JPMorgan, Wells Fargo Form Company to Handle Partnership Vetting

  • AmEx, BofA are also involved in forming new company TruSight
  • TruSight offers rick assessments amid wave of fintech deals

Wall Street firms including JPMorgan Chase & Co. and Bank of America Corp. formed a group to help manage risks from partnerships as banks increasingly agree to tie-ups with fintech companies.

American Express Co. and Wells Fargo & Co. also helped establish the company called TruSight, which will help banks streamline risk assessments of suppliers and partners, according to a statement issued Tuesday. The company expects to begin working with its four founders in the first quarter of 2018 before offering services to other banks later in the year, said Abel Clark, chief executive officer of the new venture.

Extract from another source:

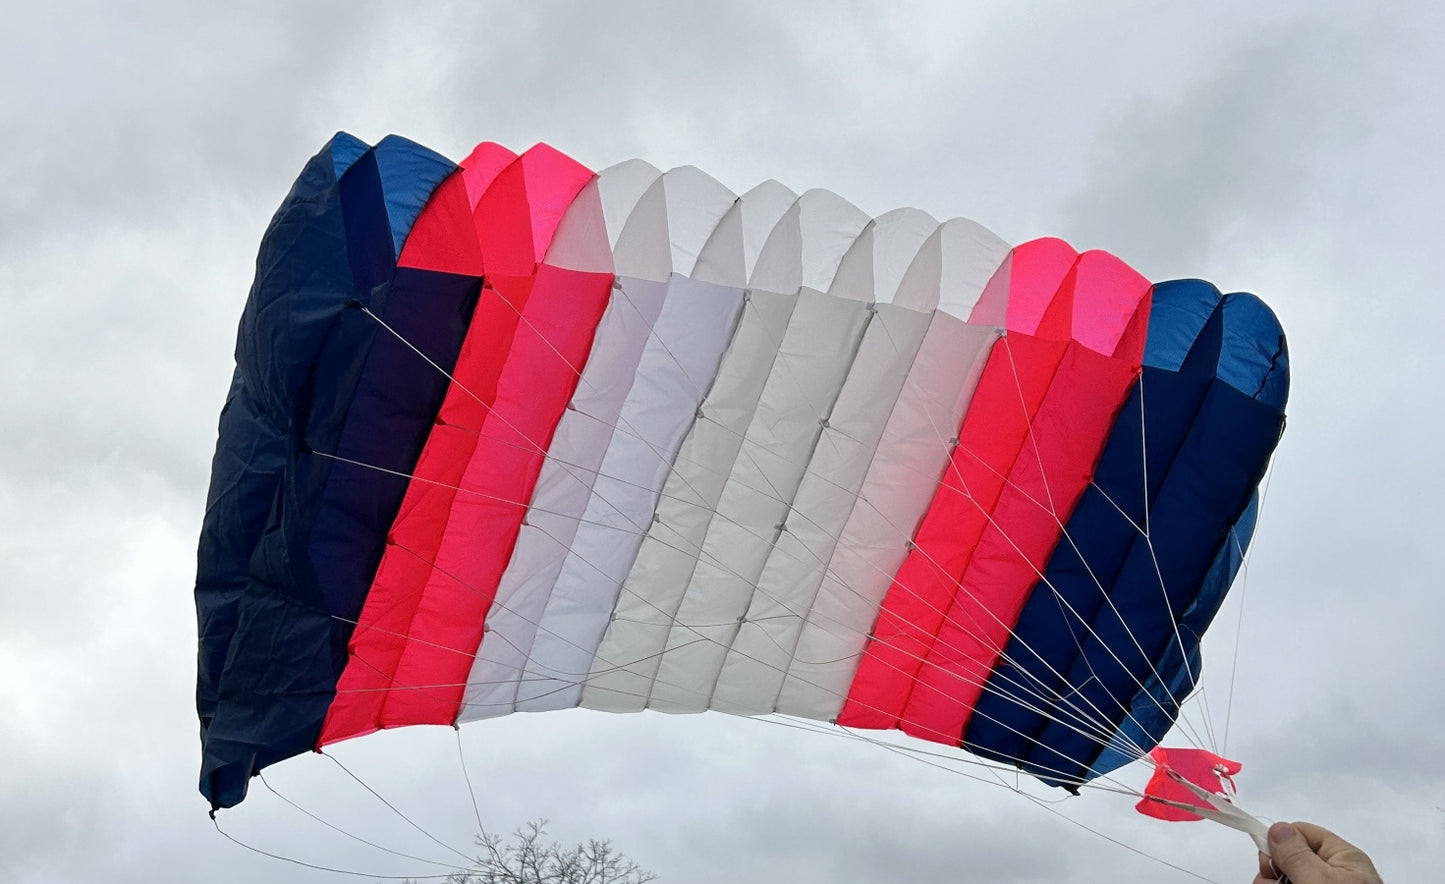 Hangtime Ultimate Parachute - 1 time color scheme - blue/watermelon/white
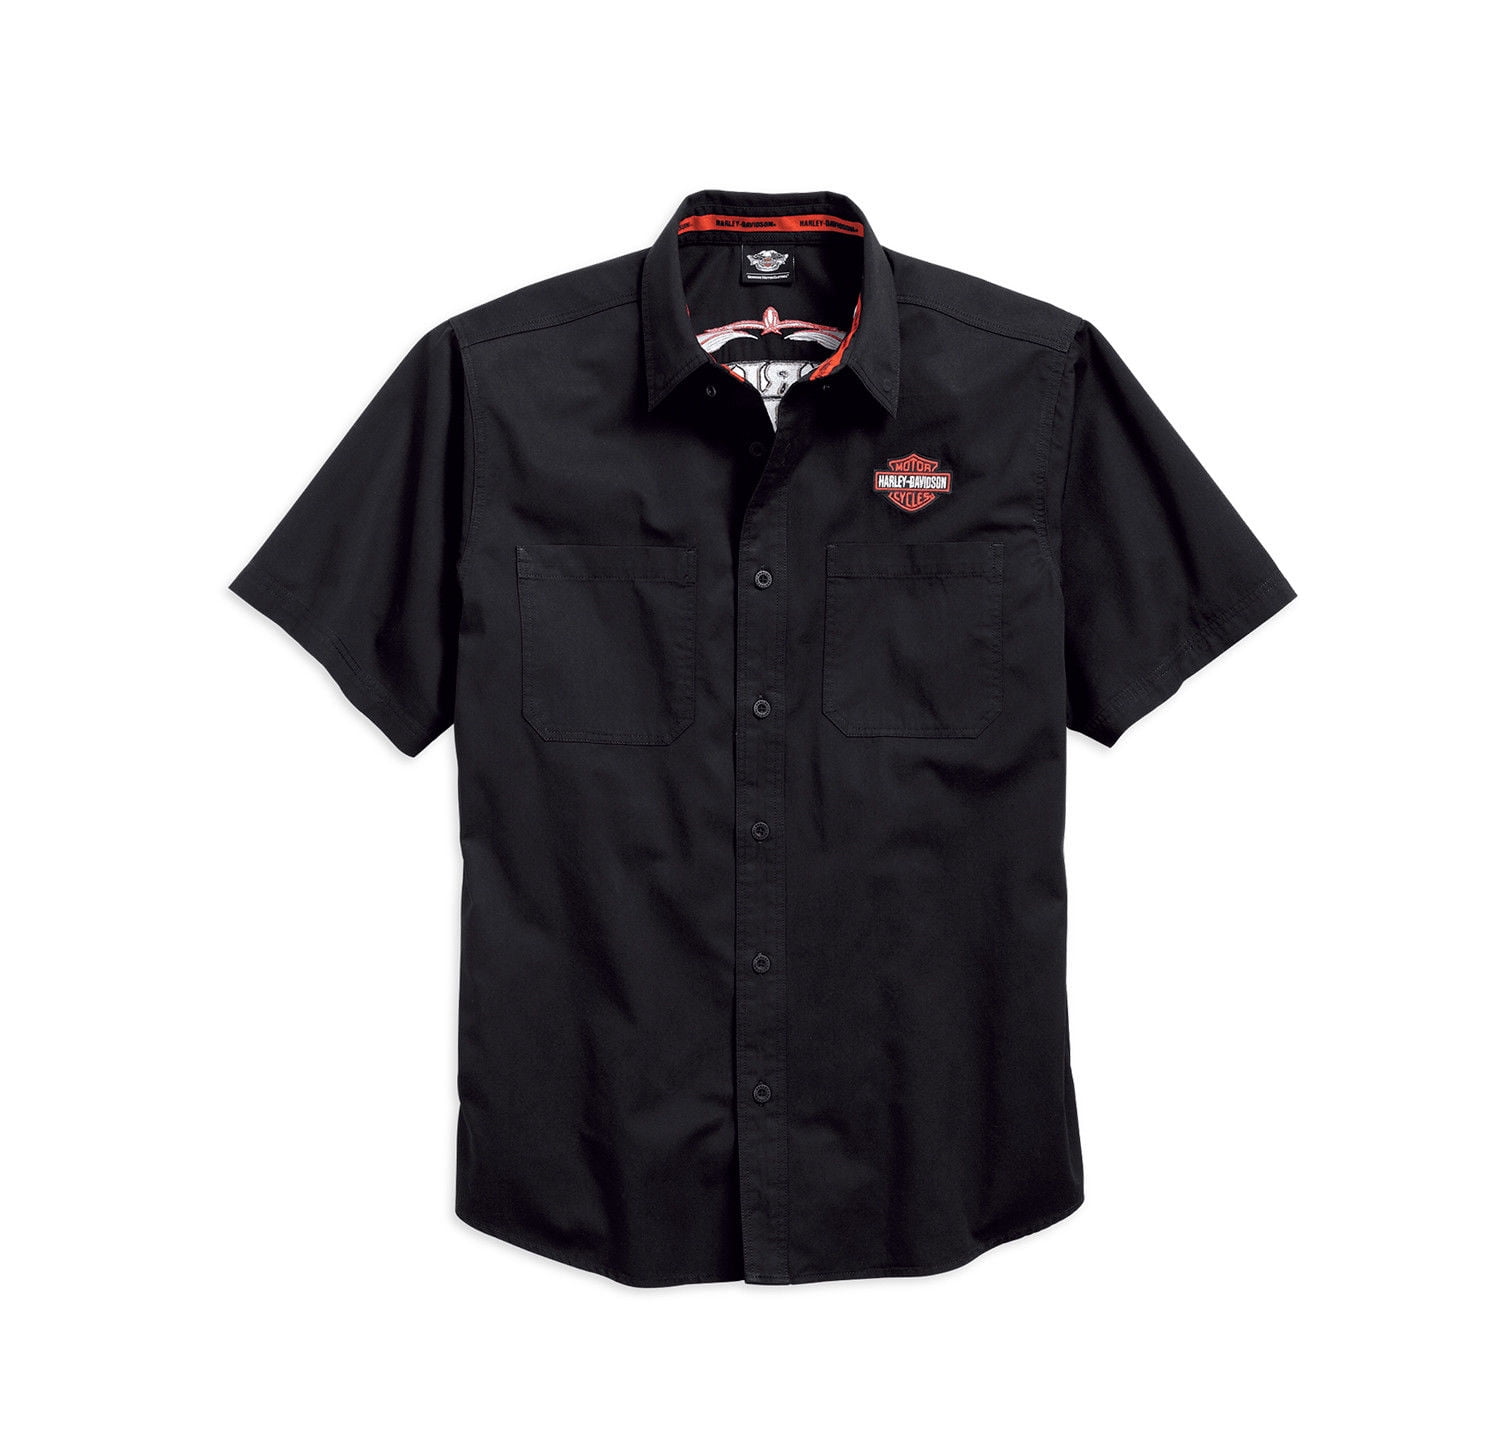 Harley-Davidson Men's Pinstripe Flames Button Woven Shirt, Black 99049 ...

“The cost of third party risk management has risen sharply,’’ Clark said in a telephone interview. “There really is a critical need to transform the risk and effectiveness of third party risk management.”

U.S. banks have turned to fintech firms as they seek to become more digitally savvy in areas including consumer payments and fraud prevention. To vet third parties, banks often start by giving them a 300-question survey and follow up with phone calls, emails and on-site visits. The process can take weeks or months, Clark said, adding that the founders of TruSight began quietly working together over two years ago to create a standardized approach.

And hacks like the one Equifax Inc. suffered earlier this year add to the urgency. The Atlanta-based credit bureau said hackers accessed personally identifiable information -- including Social Security numbers and driver’s license data -- for 145 million U.S. consumers.

“Risk events are becoming more common and more sophisticated so it’s clear institutions need to make sure that they and their partners are managing this risk,’’ Clark said.